*INSTRUCTIONS FOR THE TASK*
Write out the entire listing below exactly, with the pictures left out.

*MATERIAL PROVIDED*

--*--

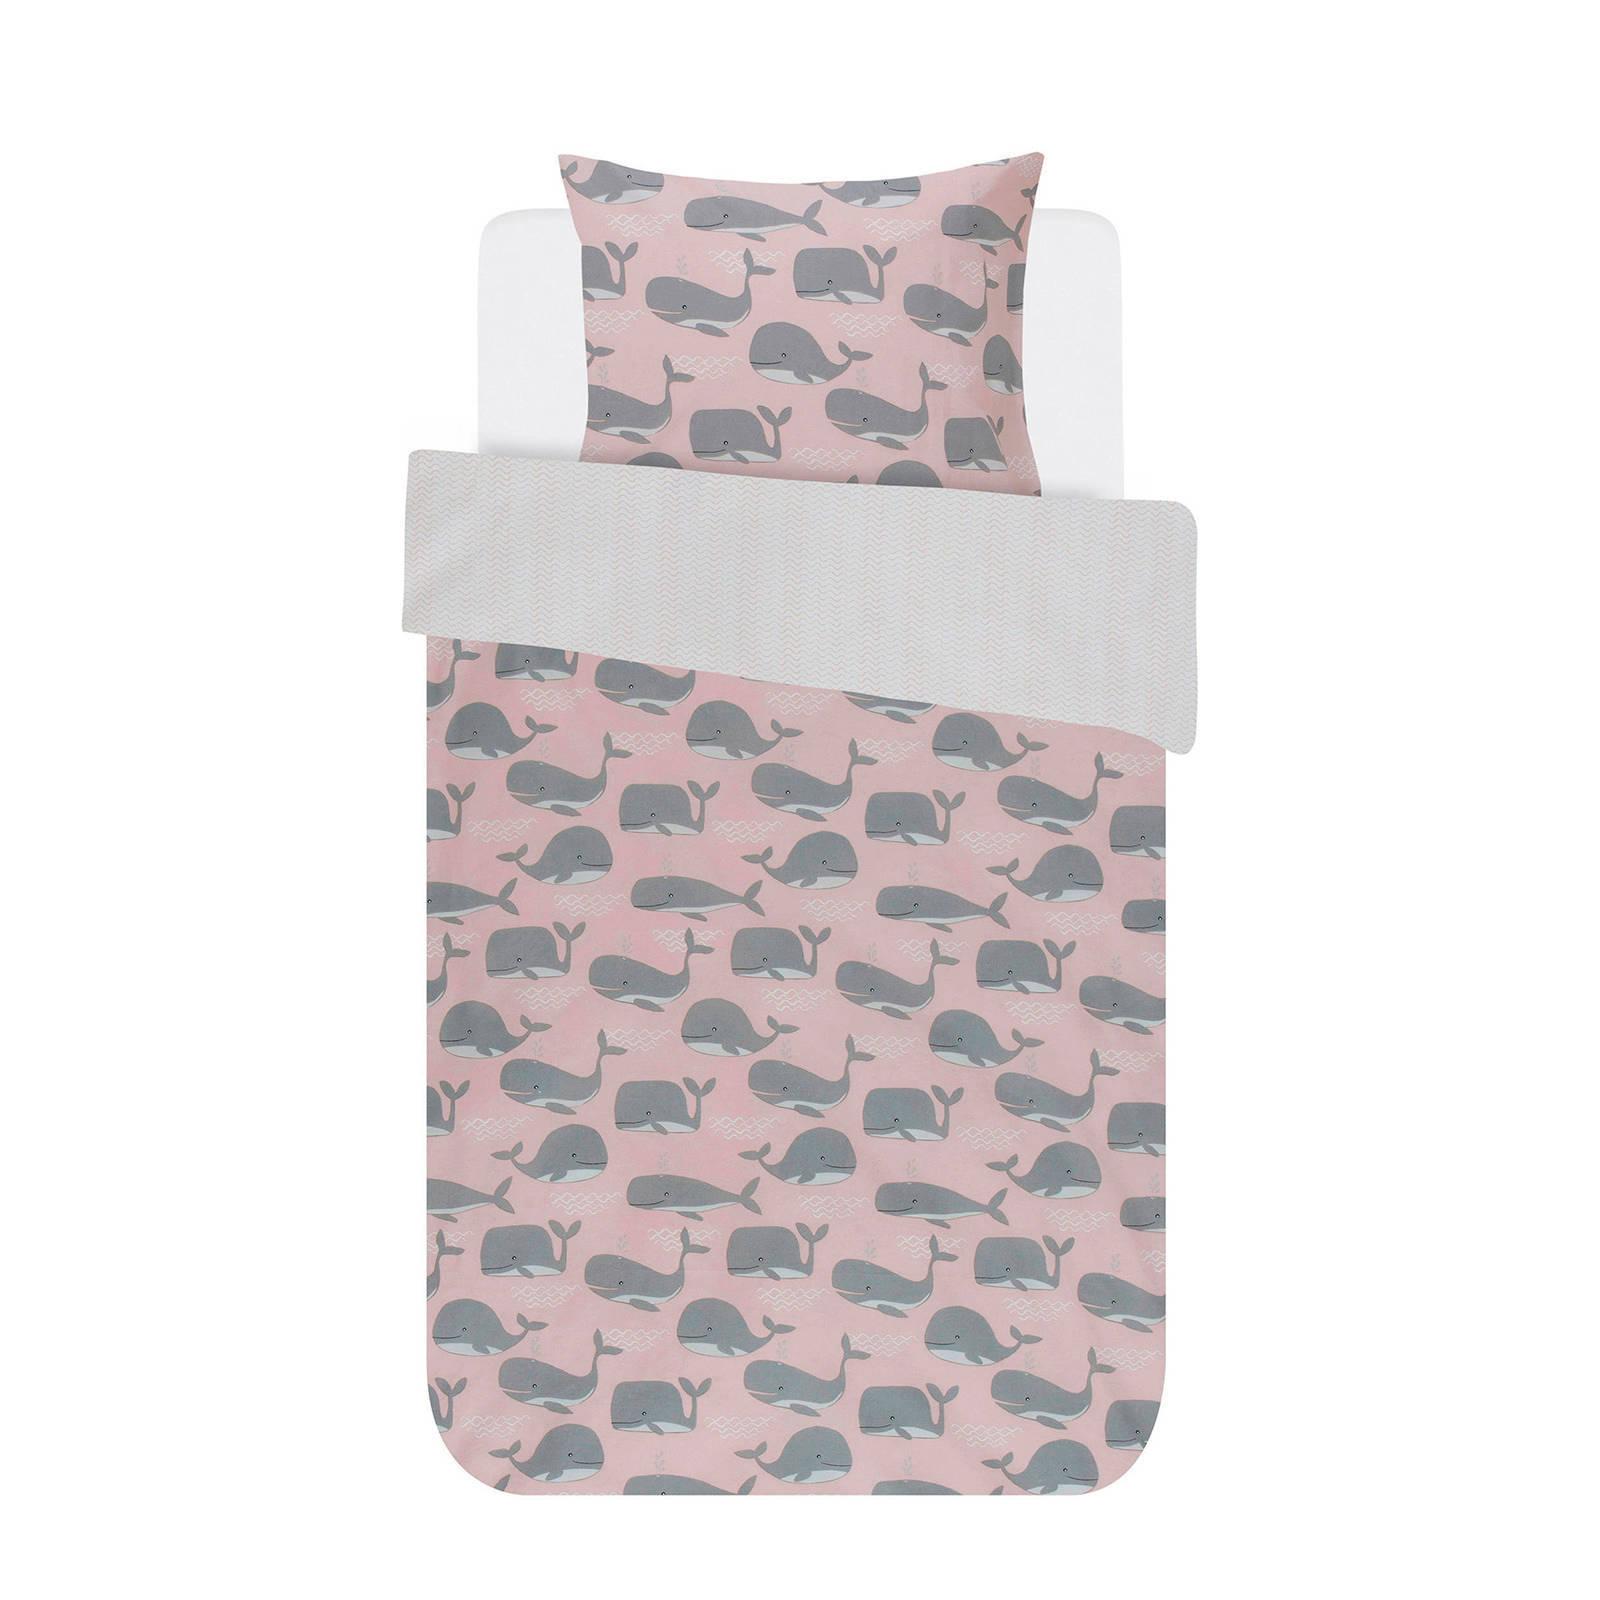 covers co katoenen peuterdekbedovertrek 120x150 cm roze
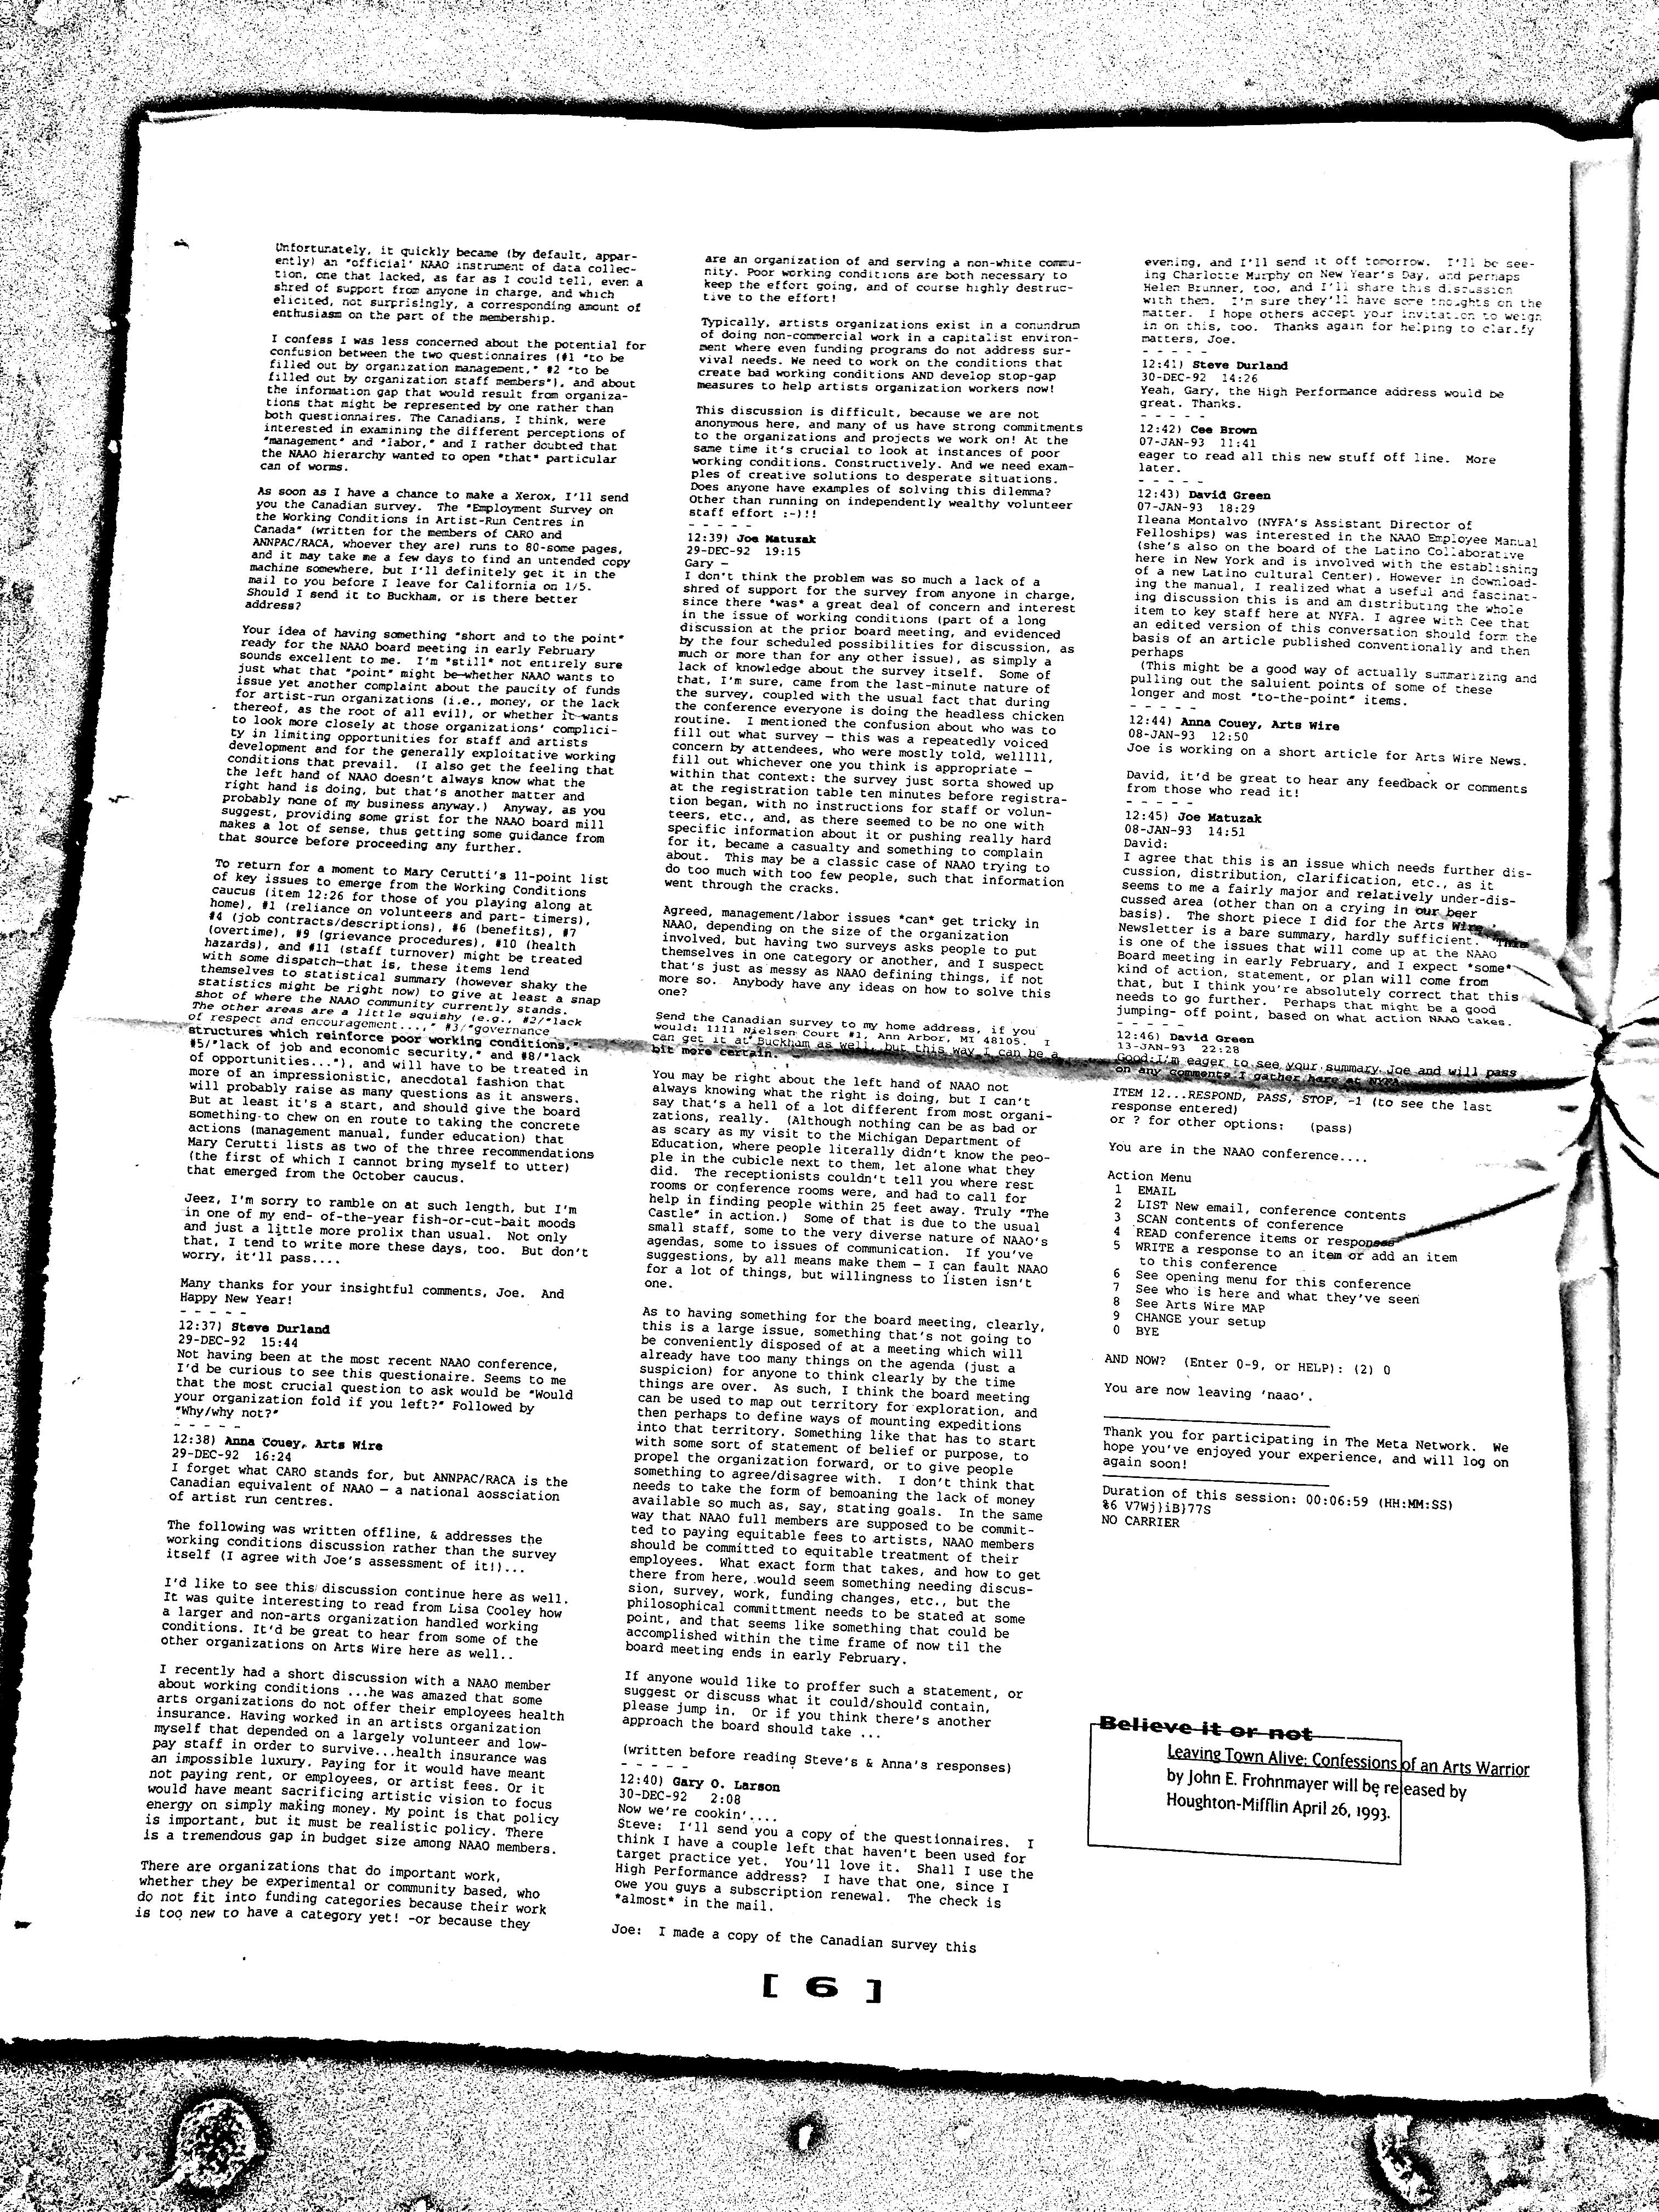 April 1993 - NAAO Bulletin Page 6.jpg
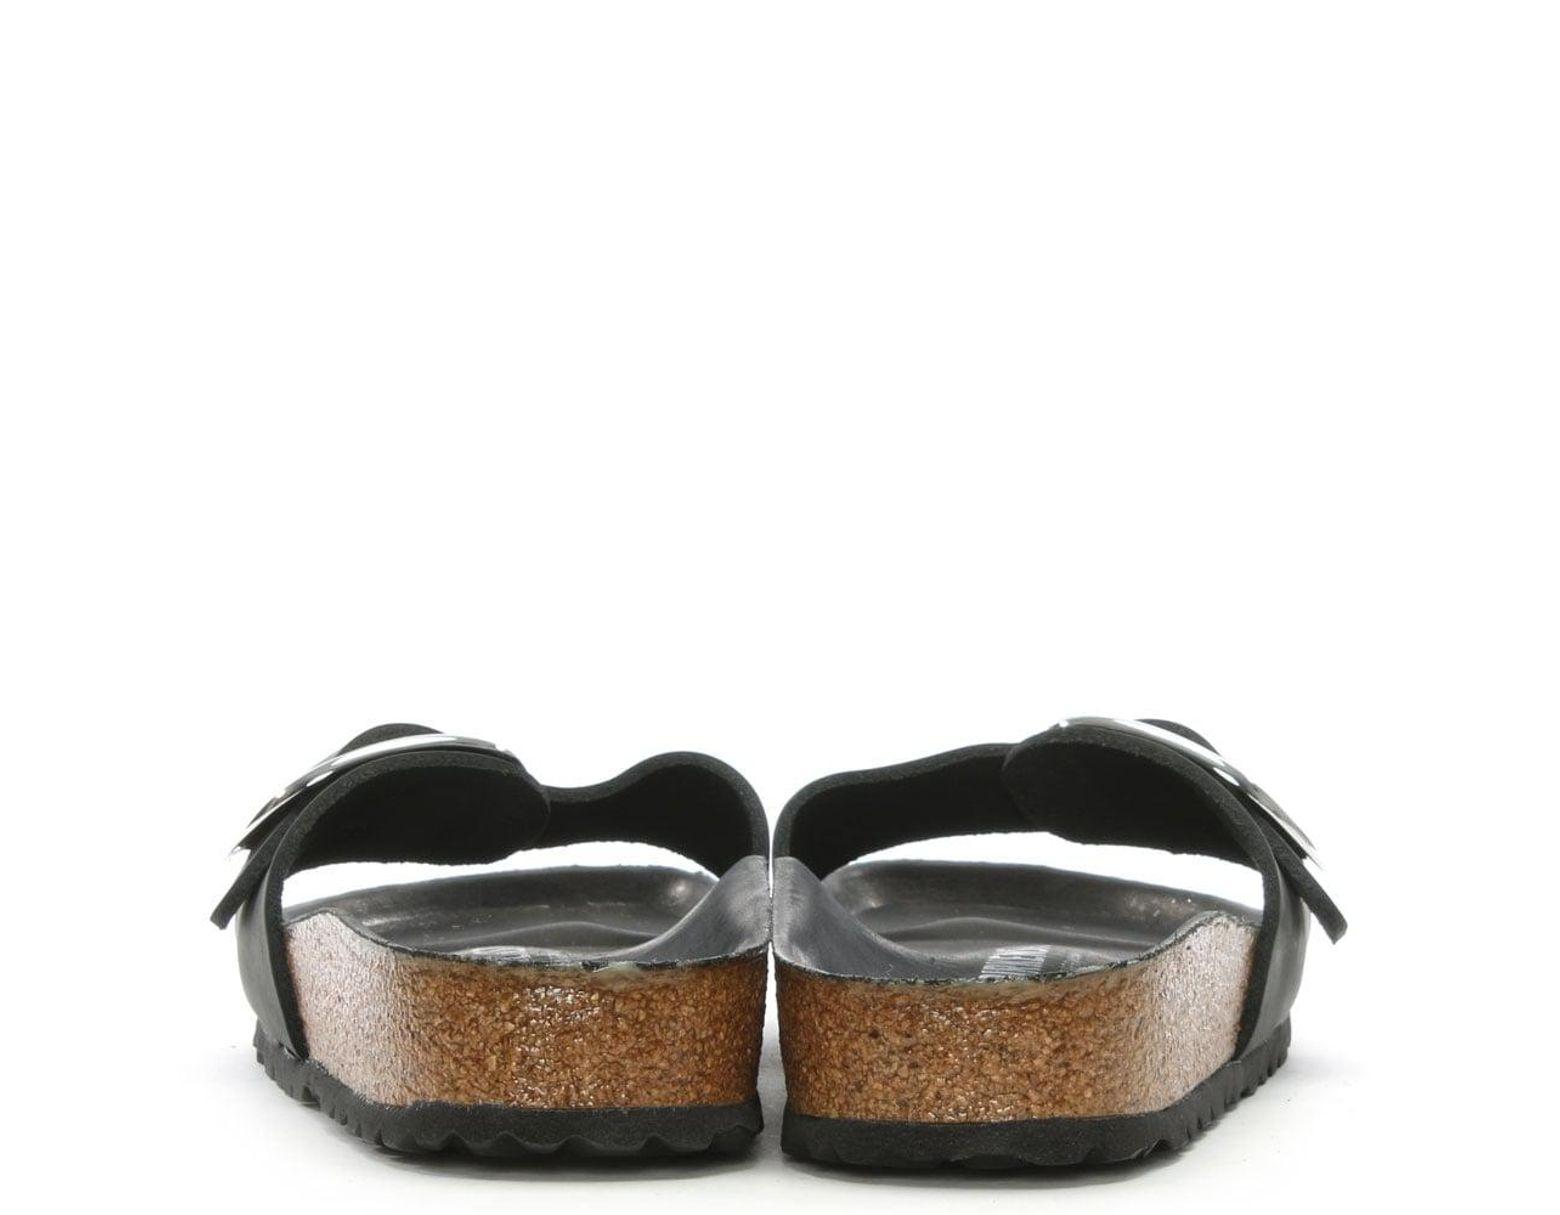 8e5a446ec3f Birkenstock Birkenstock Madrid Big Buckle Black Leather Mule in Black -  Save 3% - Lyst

--*--

*EXPECTED OUTPUT*
 covers co katoenen peuterdekbedovertrek 120x150 cm roze
 April 1993 - NAAO Bulletin Page 6.jpg
 8e5a446ec3f Birkenstock Birkenstock Madrid Big Buckle Black Leather Mule in Black -  Save 3% - Lyst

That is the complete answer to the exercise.